Lucia Graves is the daughter of Robert Graves. She grew up in Spain, and writes about it with the particular intimacy of an insider/outsider. It is exquisite as biography, as cultural document and as a history of a particular time. It’s not easy to track down but I can’t recommend it enough. And for those of you who enjoy Carlos Ruiz Zafon, it is Lucia Graves who translates his works so brilliantly into English.

Seek her out. Do!

You don’t need me to tell you the wonders inside this cover, but it has been great to go back and re-read, re-savour, replenish.
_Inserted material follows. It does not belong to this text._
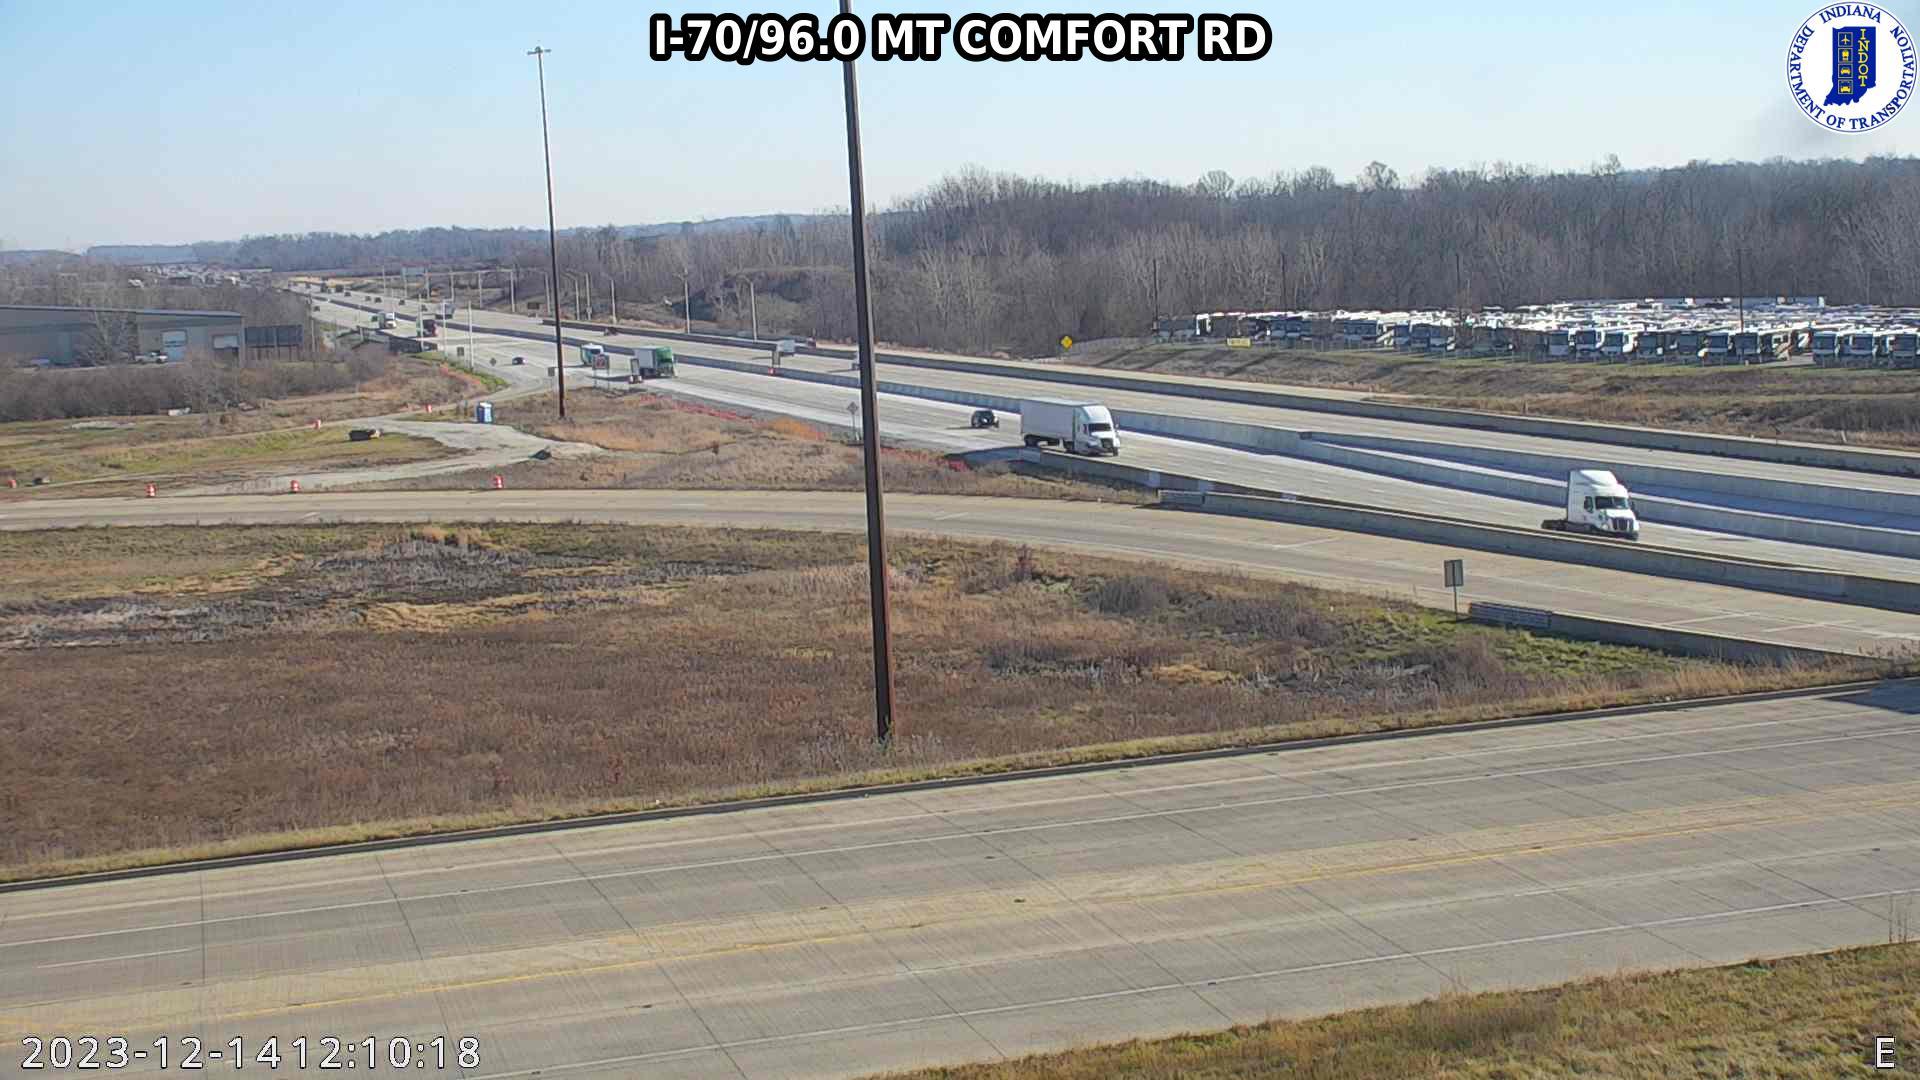 Mount Comfort: I-70: I-70/96.0 MT COMFORT RD Traffic Camera

Even in translation, Lorca’s words pierce psyche, heart, conscience, intellect. All.

They are lush and lovely.

An essential indulgence.

And speaking of lush and lovely…

I couldn’t wait to read Susan Johnson’s new book My Hundred Lovers. I am a paid-up fan over many years. It is one hundred shades of sensuality, and is crafted masterfully. Lap it up. And while you are seeking it out, see if you can find my favourite of hers – A Better Woman. It remains one of those lifelong “besties” for me. I have given it and given it. I re-read it in the light of her new book and it is just as potent and wrenching. Hard to find but you can get it with the help of a good bookseller or online. Maybe we can force a reprint if enough of us ask.
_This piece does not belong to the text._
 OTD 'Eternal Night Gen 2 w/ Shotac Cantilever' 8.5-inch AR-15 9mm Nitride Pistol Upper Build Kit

Also potentially hard to get, but worth tracking, is Hilary McPhee’s timeless book Other People’s Words. Hunt it down.

I have loved this since it was first released. It is wise, funny, meticulously observed, full of delicious details, and delivers way more than its humble title suggests.

These are Hilary’s words, and so of course they are gold. If you love Australian writing, this book is almost a primer for you. On every page there is something to savour and remember.

The poet (and friend!) E.A. Horne recommended Bereft at the beginning of the year. I read it in the heat of summer, and couldn’t put it down.

Dark, gothic and poetic, with hints of another favourite, Sonya Hartnett, but entirely individual, it is bound to be a film because every page is so vividly evoked. I could see, smell, taste the place, and held my breath on every page. Brilliant characters and an Australia that is both familiar and strange. Magnificent.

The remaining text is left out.